Wild, melancholy, elevating
When Charlotte Bronte accidentally discovered Emily's poems in 1845 she recalled that she thought them "condensed and terse, vigorous and genuine. To my ear, they had also a peculiar music - wild, melancholy and elevating." That's still the best criticism of Emily's poetry. There are great rewards here, even though many poems belong to the lost "Gondal" saga and many more are mere fragments. The notes are informative too, but the poems survive without them. I found some of the editorial decisions odd.
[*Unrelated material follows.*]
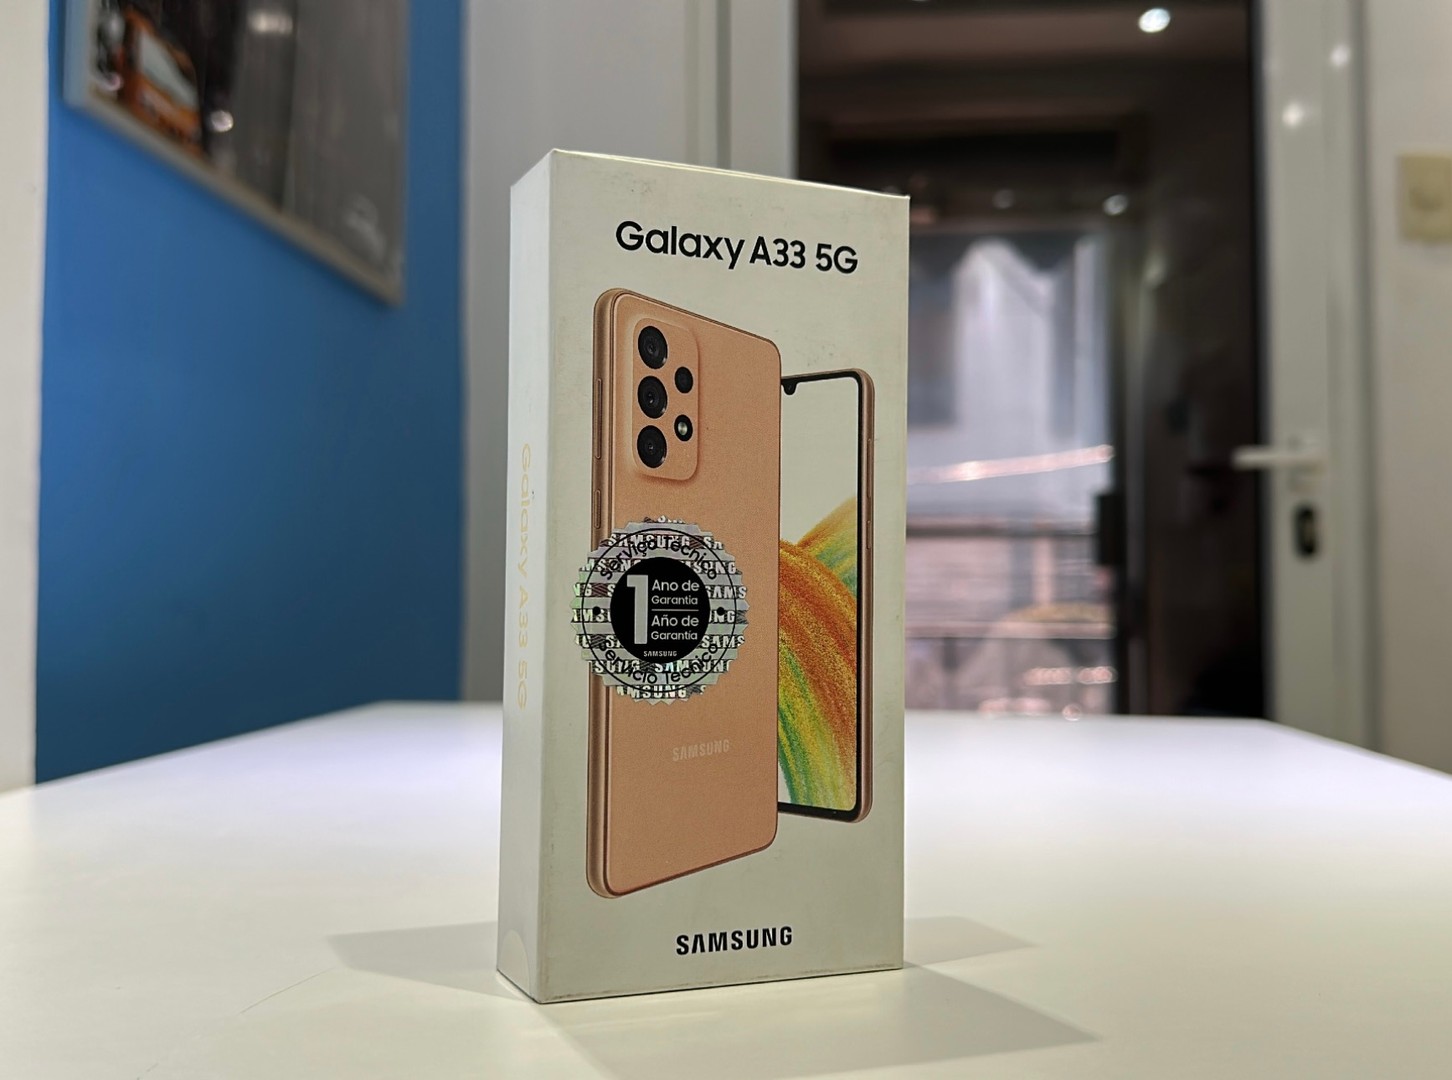 celulares y tabletas - Vendo Samsung Galaxy A33 5G 128GB Nuevos, Desbloqueados, Garantía, $ 15,500 NEG

The poem "Often rebuked" is attributed to Charlotte as no manuscript survives of it and it is written in iambic pentameter and "Emily only wrote six poems in iambic pentameter." Which seems like a daft conclusion - is she only allowed a quota of six poems in iambic pentameter? Yet it is that poem that provides the best statement of Emily's vision: "Often rebuked, yet always back returning/To those first feelings that were born with me.." If the modern world overwhelms you and you want to return to that vision of a "purer" self you think once existed, tune in to Emily's "peculiar music" and see where it takes you.
Utterly Beautiful
Quite simply, this is one of the most beautiful things I have read. I first encountered some of these poems after reading Wuthering Heights whilst travelling (also stunning) which contained a few poems at the back. The poetry here is strikingly poignant and heartfelt. It speaks of solitude, anguish, despair, hope and is utterly romantic at almost every turn. I would recommend this book to anyone and everyone, I read it at a time when a relationship had ended and found immediate comfort in Emily's feelings of rejection expressed with such painfull honesty. This really is a beautiful collection of poetry.